Client acknowledges that the Deliverables may in whole or in part be created
using Consultant’s prior acquired knowledge, skill and expertise, and may
include Consultant’s proprietary information and prior developed intellectual
property of Consultant, which Consultant shall continue to own and have an
unrestricted right to use for other purposes. Consultant may retain archival
copies of the Deliverables for Consultant's internal use, and nothing herein
shall prevent Consultant from continuing to use Consultant's information,
knowledge, skill and/or expertise for other purposes."

------
chrisbennet
I create computer vision solutions. I wrote a camera abstraction class which I
use for multiple clients which I open sourced [using "WTFPL" (1)].

I don't charge my clients for the time spent on open source code that I write
for their projects but realistically, I'm giving them free labor. It just
seemed like more of a hassle to license it to them at the time.

For my current client, I wrote a library that I license to them for a fee.
When you license a library it is a lot easier to charge by actual value
delivered than by charging by the hour. We agree on an acceptance criteria,
they test it to show it passes, the pay me and then they get the source.

The code I write for a client becomes the property of the client _upon
payment_. This is an important thing to have in your contract.

I had a local lawyer draw up my contracts. I spent some time on the
researching internets making a rough draft of what I wanted as this gives the
lawyer a list of things that I wanted to capture in the agreement.

As an aside, I insist on a "10 day net". After 10 days out, the rate is
increased by $50hr i.e. if I billed at $N per hour and they take more than 10
business days to pay, they pay me at $(N+50)/hr.

(1) [http://en.wikipedia.org/wiki/WTFPL](http://en.wikipedia.org/wiki/WTFPL)

------
tracker1
Through some rough lessons I no longer take on many projects that I am
personally developing outside of a day job. In general, I bill $x per
person:block:day (being each day that I work on something 0-4 hours, and each
additional block capped at 4 hours)... Anything that is not a core part of the
product (business logic, or specific design elements) may be abstracted away,
reused and/or released as open-source. I will also use, as appropriate already
written open-source code that won't elevate the risk of said project (no agpl,
only gpl if it's a server-side solution). Once a solution is finished and paid
in full, any copyright over the solution will be signed over, and will not
include outside libraries, even those written to help with said project. I
emphatically do not believe in Patents on software, so will not apply for or
assign any such rights on what I develop.

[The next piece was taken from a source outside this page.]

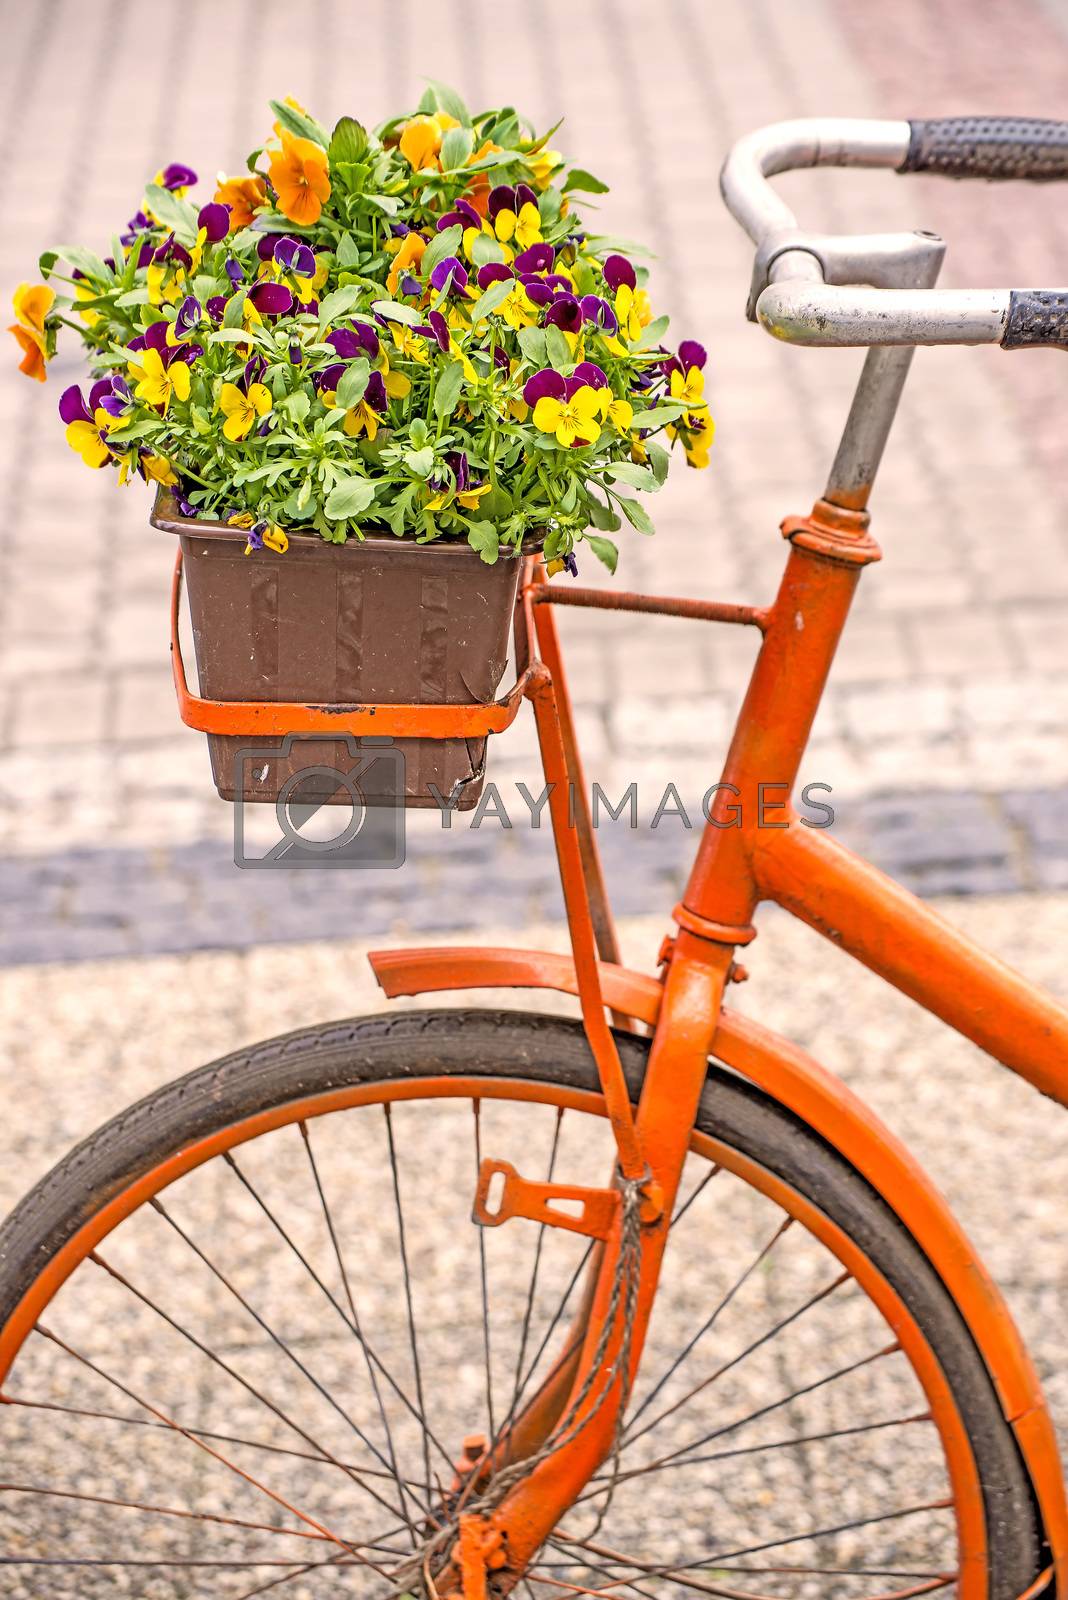 Royalty free image of bicycle with flowers by Jochen

For the most part when you talk to a client openly about how software is
assembled and crafted, and that their part of the product will be theirs, and
that you will deliver a finished product while also respecting the larger
development community in contributing back, it's usually a smooth process.
These days we, as software developers, tend to use large amounts of
mit/gpl/isc/apache and other openly licensed software/libraries, that when you
explain that what's out there saves you time, and giving back saves everyone
time, it's usually less friction.

I also expressly do _not_ bid on entire solutions that are not well defined,
or are too strictly defined. It tends to become a time sink if you do. And
prefer to bill in blocks/day against a deposit against the estimated
work/time. I also make clear that what I give is only an estimate, and actual
billed blocks may vary depending on changes through the lifecycle of initial
development.

\----

As far as a day job... I tend to line-out anything that can be construed as
assigning rights of work I do outside of the office on my own time, or Patent
assignment. As a rule, I only interact with hardware through defined software
interfaces. If I were building/designing custom hardware to accompany the
software I might have a different stance.

\----

If you are uncertain, or unsure of how to establish a written contract, as
always you should contact a lawyer.

------
james_in_the_uk
IAAL and I come across discussions like these from time to time:

    
    
        Person A: I’m using a standard contract I found on the Internet. I like it because it’s written in plain English.
    
        Person B: You shouldn’t use any old contract you found on the Internet. How do you know that it is legally effective? My lawyer has produced a contract for me. I don’t understand it, but my lawyer has assured me it’s fine. Here’s what they told me…
    
        Person C: Your lawyer has taken a simplistic approach. How are you sure that it meets your needs if you don’t understand it?
    

In my view, the answer is a combination of all three approaches:

1\. Don’t just rely on a standard form document

The principle “Garbage in, garbage out” applies to contracts too.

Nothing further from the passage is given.